MESSAGE 代表者挨拶

1962年の創業以来、富士経済グループは「信用第一」の経営理念のもと、本業に徹することにより、お客様に質の高い情報を提供しご満足いただけるよう努めてまいりました。その積み重ねにより、2022年6月に創業60周年を迎えました。

富士経済グループが歩んできた60年は日本経済の歩みと共にありました。高度経済成長を経た後、二度にわたるオイルショック、変動相場制移行、バブル経済とその崩壊、経済のグローバリゼーション、リーマンショック後の金融危機など、日本経済は様々な課題に直面しましたが、産業界は環境の変化にその都度対応してきました。長年日本の産業をリードしてきた鉄鋼、化学、自動車などの重厚長大産業やエレクトロニクス産業は新興国の追い上げを受けながらも、環境対応・エネルギー問題など、時代の要求を取り入れ、さらなる発展を目指しています。また、AI、ICT、ナノテクノロジー、バイオテクノロジーなどのイノベーションを取り入れた新たなビジネスモデルも次々に生み出されています。

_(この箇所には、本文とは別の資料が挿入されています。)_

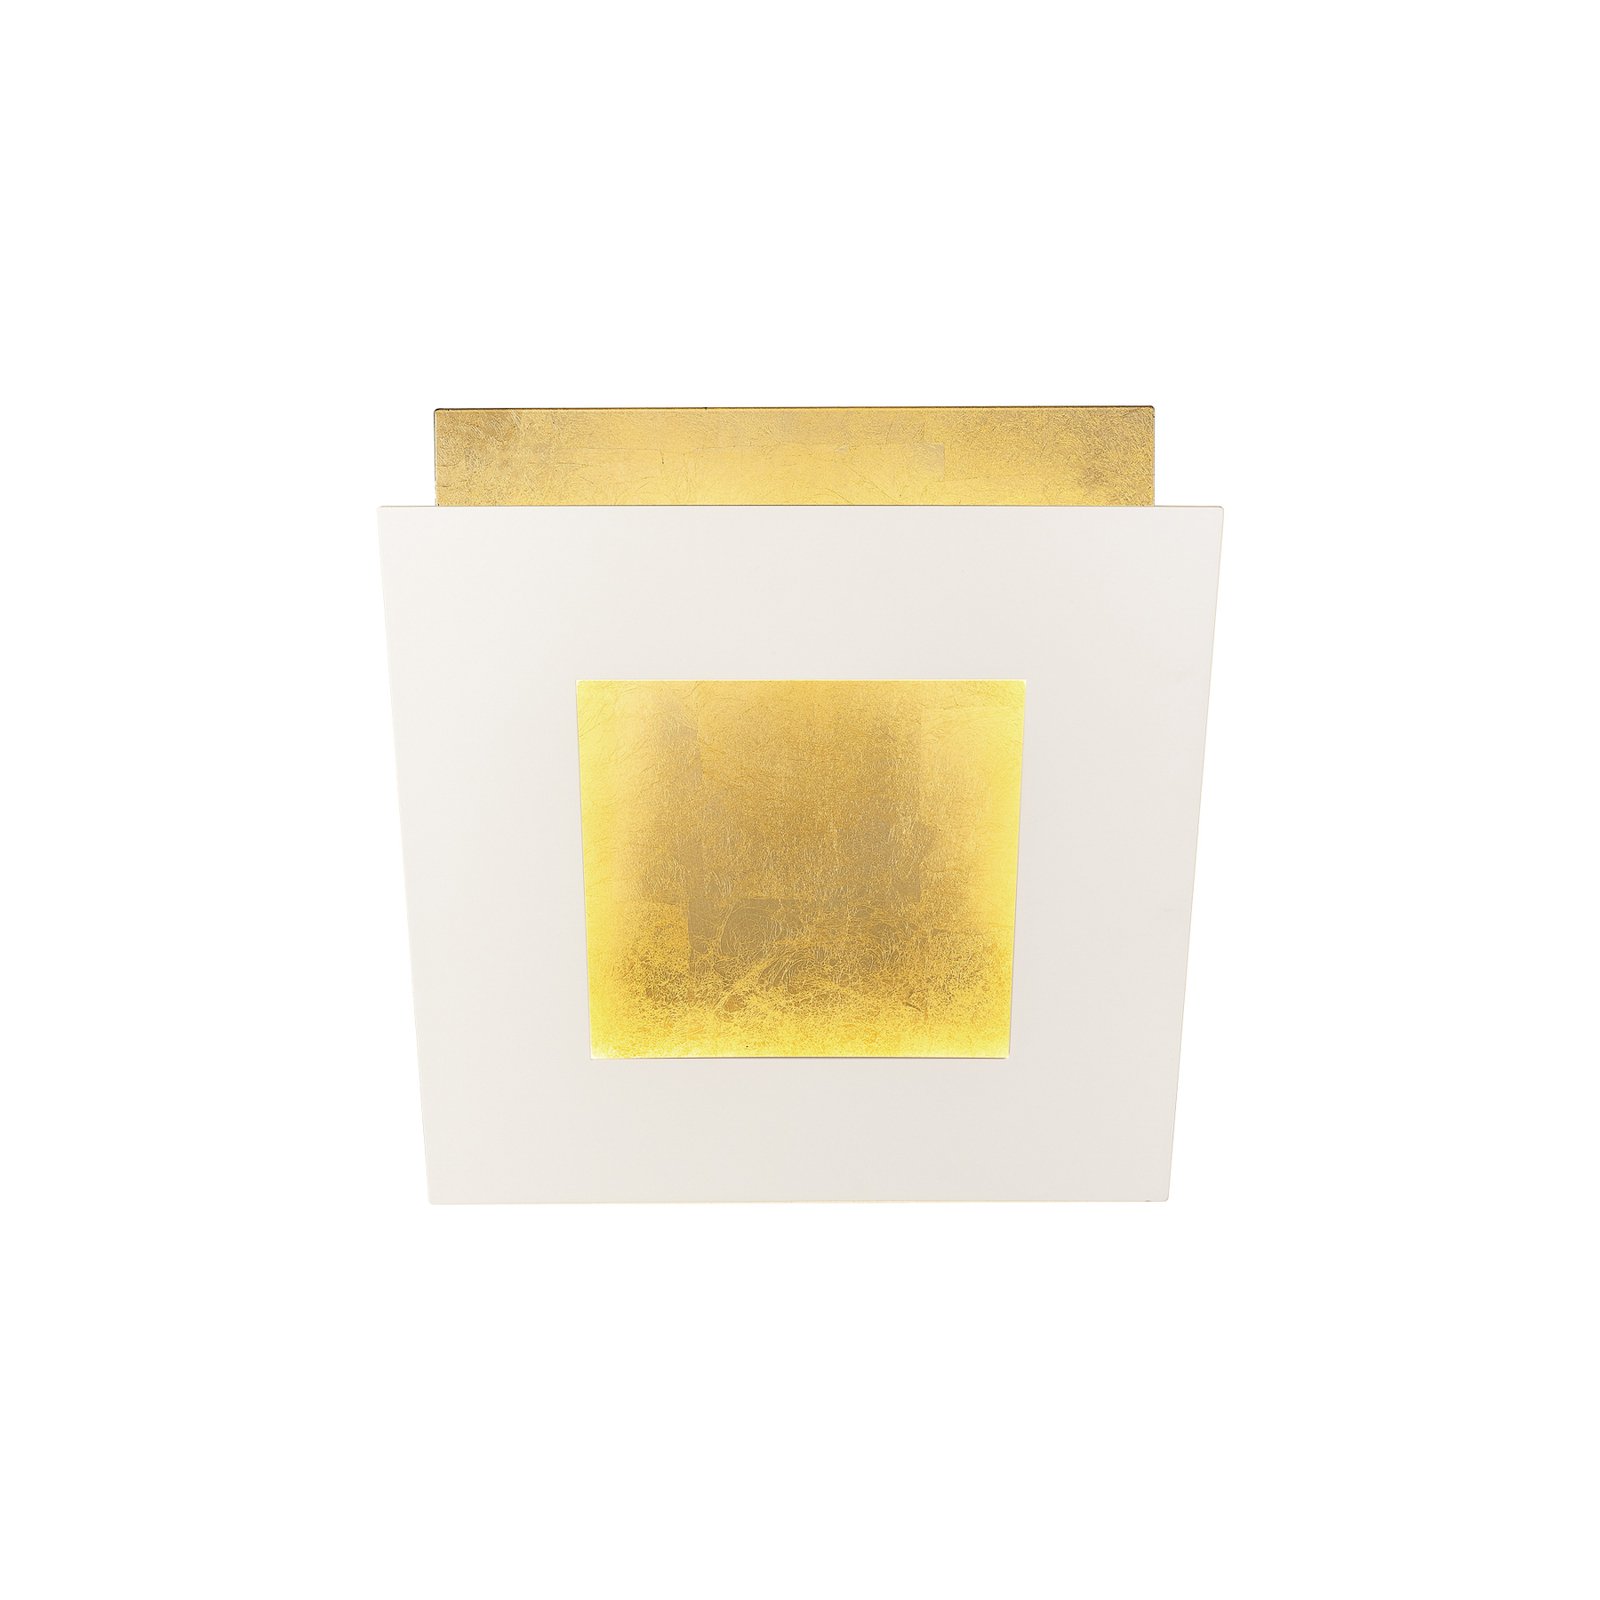 LED-vägglampa Dalia, vit/guld, 18 x 18 cm, aluminium

2020年以降の国際社会は、これまでにない大きな変化が求められています。COVID-19の世界的な流行は、社会の在り方を根本的に変えるインパクトを与えました。加えて、地政学的リスクの高まりや、環境問題の深刻化によるエネルギーシフトの必要性、SDGs実現に向けての取り組み実践など、様々な課題が顕在化しています。このように激しく変動し、将来を予測しがたい環境の中で、企業が成長を持続させるためには、刻々と変化する市場の動きに対しスピーディかつ的確な情報キャッチが求められています。

富士経済グループは、生産財、社会・インフラならびに消費財まで幅広い分野において、専門リサーチャーを育成し、フィールド(市場)における「今と将来」の情報を収集しています。そして、それらを基に市場を多面的に分析し、信頼性、客観性の高いデータをお客様に提供し続ける事業パートナーを目指しています。

ホールディングカンパニーの富士経済グループ本社、市場調査データやコンサルティング情報を提供する富士経済、富士キメラ総研、富士経済ネットワークス、出版活動を通して文化を発信する教育評論社及び中国現地法人2社のグループ総合力を生かし、これからも、一丸となって“世界の富士経済グループ”を目指し、お客様のさまざまな調査ニーズにお応えしてまいります。